2.1 Sequential LHSs fabricated by pillar[n]arene

Pillar[n]arenes are macrocycles composed of dialkoxybenzene units linked by methylene bridges at para-positions. The symmetrical pillar architecture and easy derivatization of pillar[5]arenes allow them to complex with various guests [52-54]. Recently, several two-step LHSs based on pillar[n]arenes are reported. In 2020, Hao et al. published a work on pillar[5]arene-mediated LHS with two-step FRET [55]. As shown in Fig. 2, they first synthesized a tetraphenylethylene (TPE) derived bola-type guest molecule TPEDA, which can bind with a water-soluble pillar[5]arene (WP5) through host-guest interaction. The host-guest amphiphile further self-assembled into nano-aggregates in water. Dynamic light scattering (DLS) data of the nanoparticles exhibited a narrow distribution with diameter of about 180 nm and transmission electron microscope (TEM) image showed a spherical shape, indicating a multilayer vesicular architecture. Since TPE is a typical AIE group, the fluorescence intensity of the nanoparticles was greatly enhanced, suggesting that the WP5-TPEDA assembly can serve as an ideal energy donor for the fabrication of an artificial LHS. Subsequently, hydrophobic dyes Eosin Y (ESY) and Nile Red (NiR) were successively loaded into the WP5-TPEDA nanoparticles to form a two-step energy transfer LHS owing to their appropriate photophysical properties. The light-harvesting and energy-transfer performance of the LHS were evaluated by both steady-state and transient fluorescence spectroscopy. Notably, the system could display a strong white-light emission when TPEDA/ESY/NiR = 100:5:2. The energy-transfer efficiency of the first step was calculated to be 92.45%, while the second step was 74.78%, suggesting the successful fabrication of a sequential energy transfer LHS. Finally, the authors employed this LHS system as a photocatalyst to catalyze dehalogenation reaction. Compared to the low yield (31%) catalyzed by ESY+NiR alone, dehalogenation of α-bromoacetophenone in water achieved a good yield of 96%. This is a great example of converting light energy into chemical energy, reminiscent of photosynthesis in nature.

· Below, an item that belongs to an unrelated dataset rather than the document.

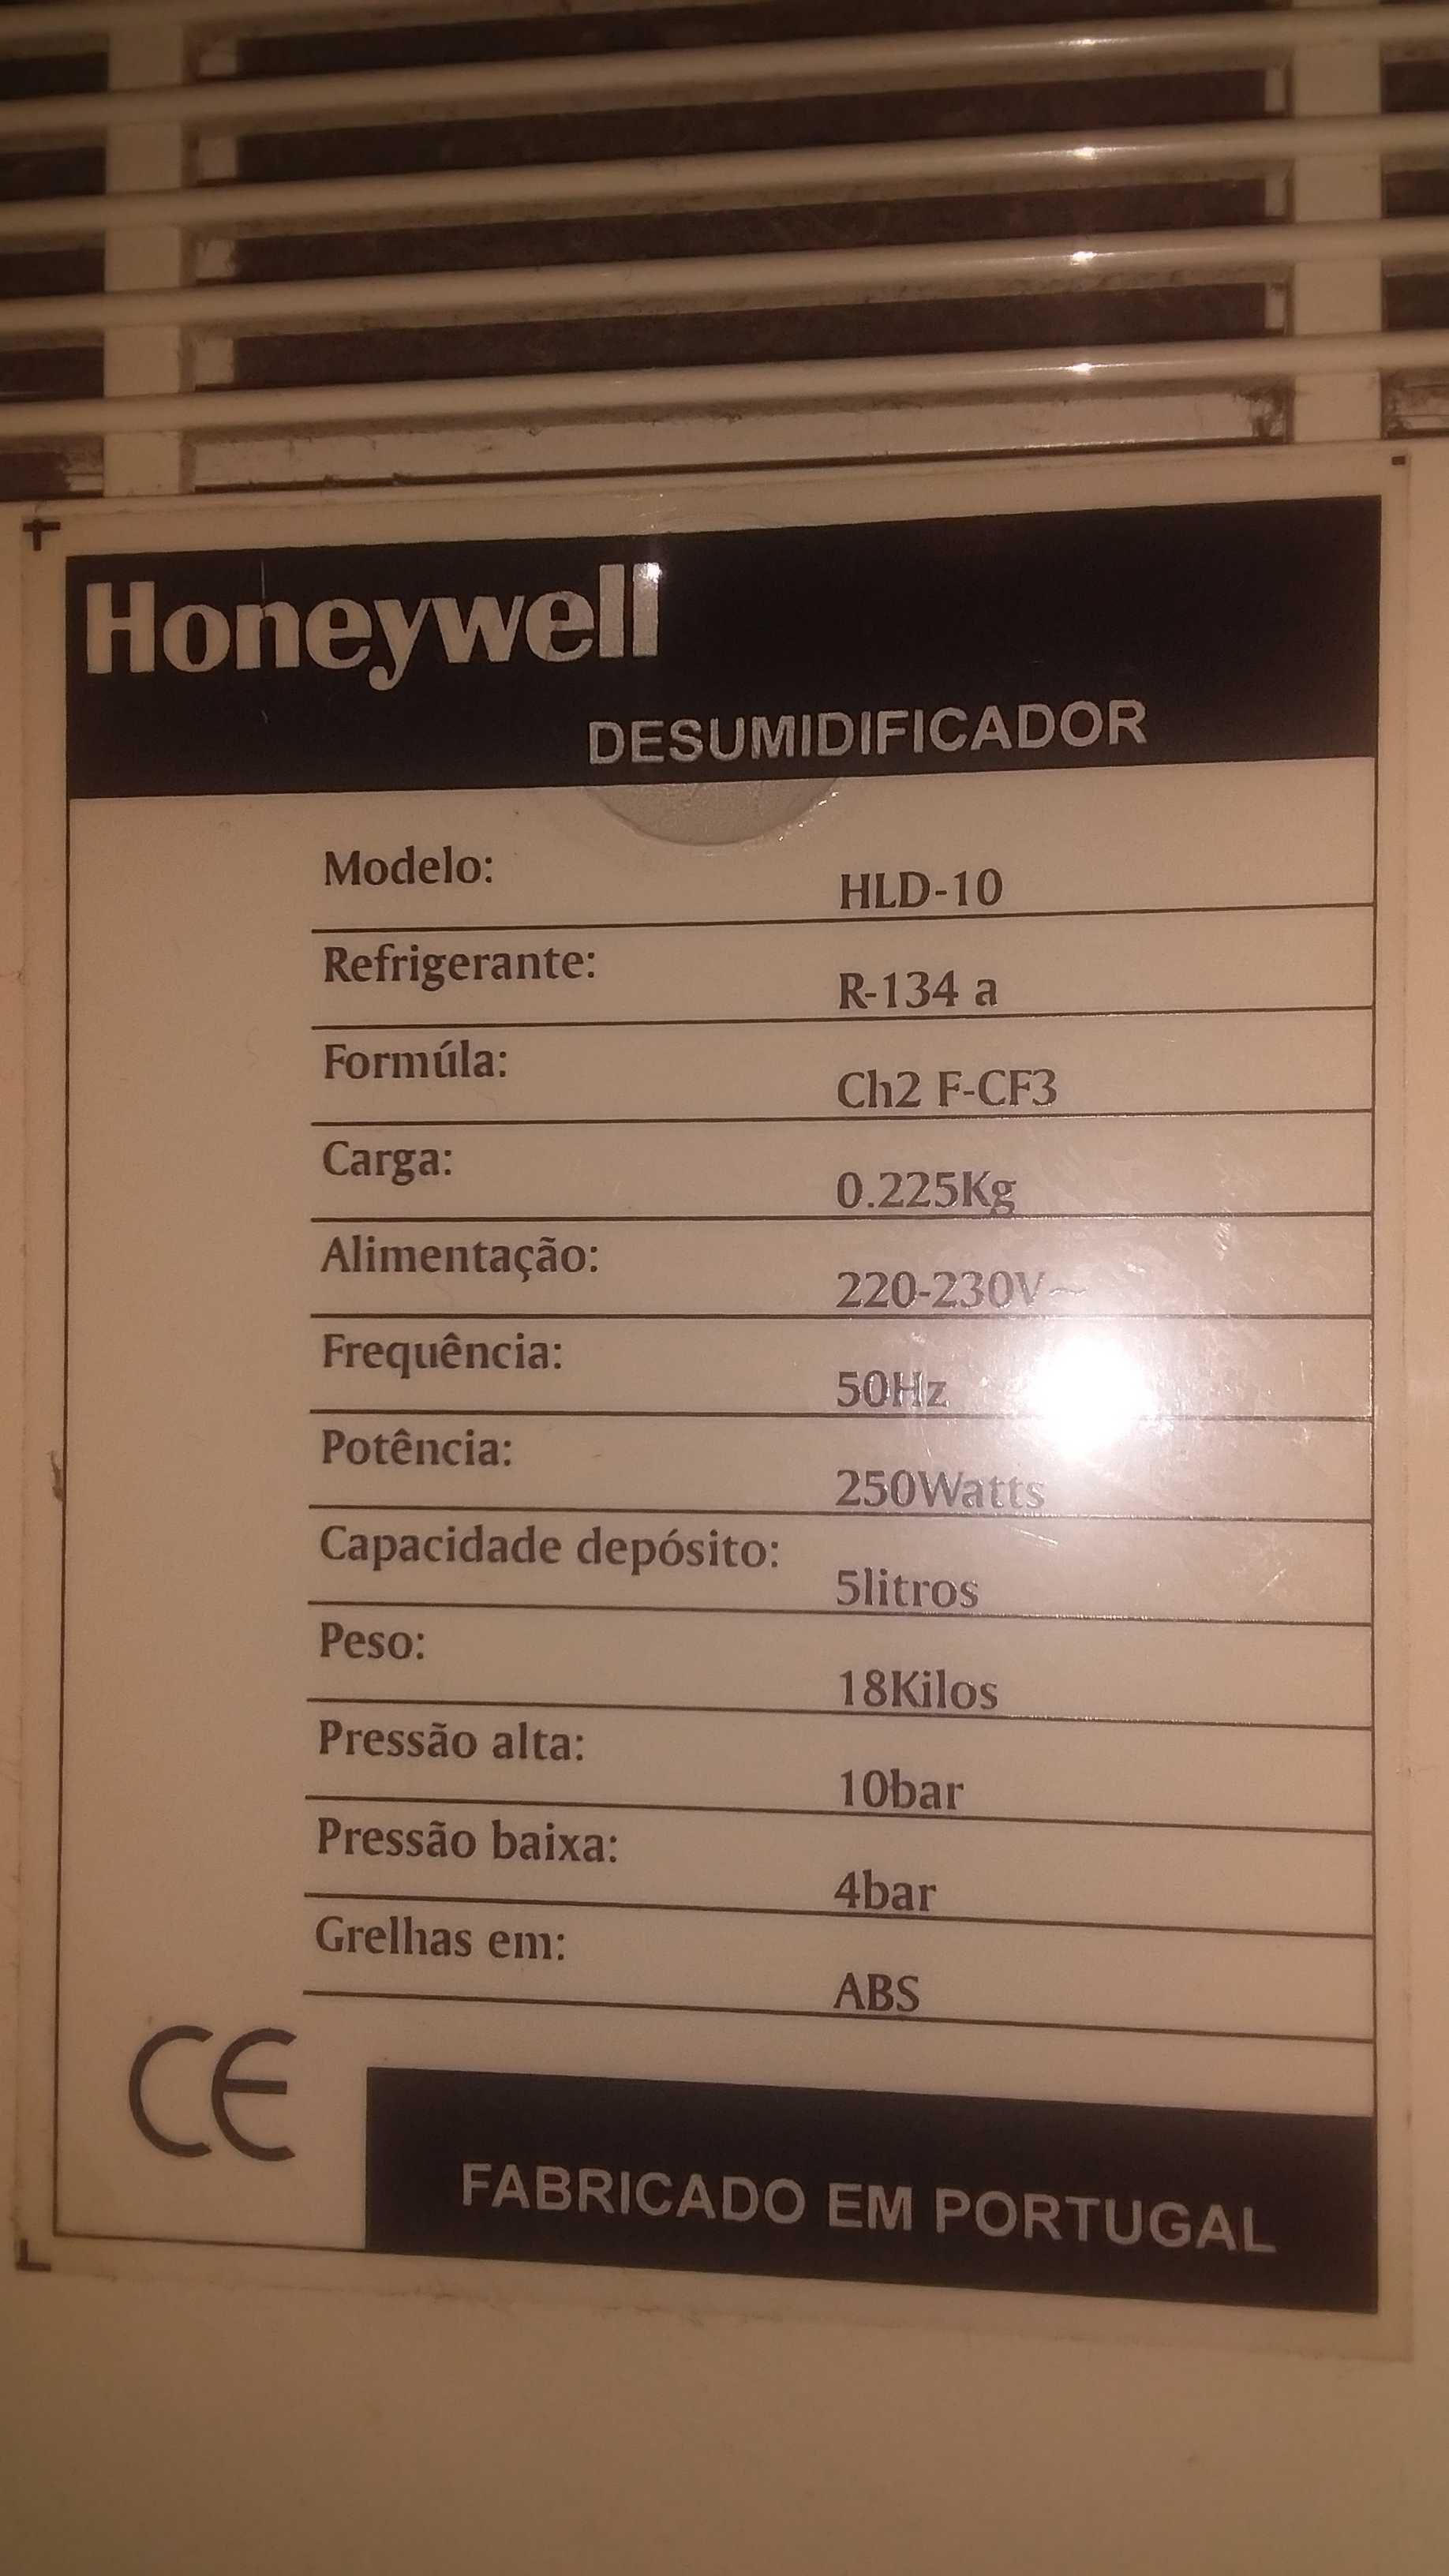 Desumidificador Honeywell

Considering the above system showed a moderate antenna effect for both energy transfer steps, in a follow-up investigation, Sun et al. further built a new two-step LHS with higher antenna effect by changing the TPE group in the bola-type guest to an AIE-active cyanostilbene group to afford a new guest molecule BPT (Fig. 3) [56]. In this system, 4, 7-bis(thien-2-yl)−2, 1, 3-benzothiadiazole (DBT) acts as the relay acceptor and NiR serves as the final acceptor. The authors first investigated the host-guest complexation and then studied the morphology of the formed nano-aggregates. The fluorescence lifetime of WP5-BPT was fitted as a double exponential decay and decreased from τ₁ = 0.60 ns and τ₂ = 2.80 ns to τ₁ = 0.40 ns and τ₂ = 2.42 ns when co-assembled with DBT and monitored at 450 nm. The fluorescence lifetime of WP5-BPT-DBT further decreased from τ₁ = 1.36 ns and τ₂ = 2.82 ns to τ₁ = 1.11 ns and τ₂ = 2.38 ns when co-assembled with NiR and monitored at 550 nm. Notably, this system showed an ultrahigh antenna effect of 47.8 (BPT/DBT = 350:1) for the first step energy transfer and 20.1 (BPT/DBT/NiR = 350:1:1) for the second step energy transfer. This work demonstrated that cyanostilbene group could act as an ideal antenna and energy donor in pillar[n]arene-based LHSs to afford ultrahigh antenna effect. Very recently, Tian et al. further built a ternary supramolecular photosensitizer based on a two-step FRET process by an AIE-active pillar[5]arene host, a spiropyran derivative guest, and a Nile blue (NiB) dye in water [57]. This photoswitchable system with tunable reactive oxygen species (ROS)-generation ability can be used to inactivation of bacteria and cancer cells.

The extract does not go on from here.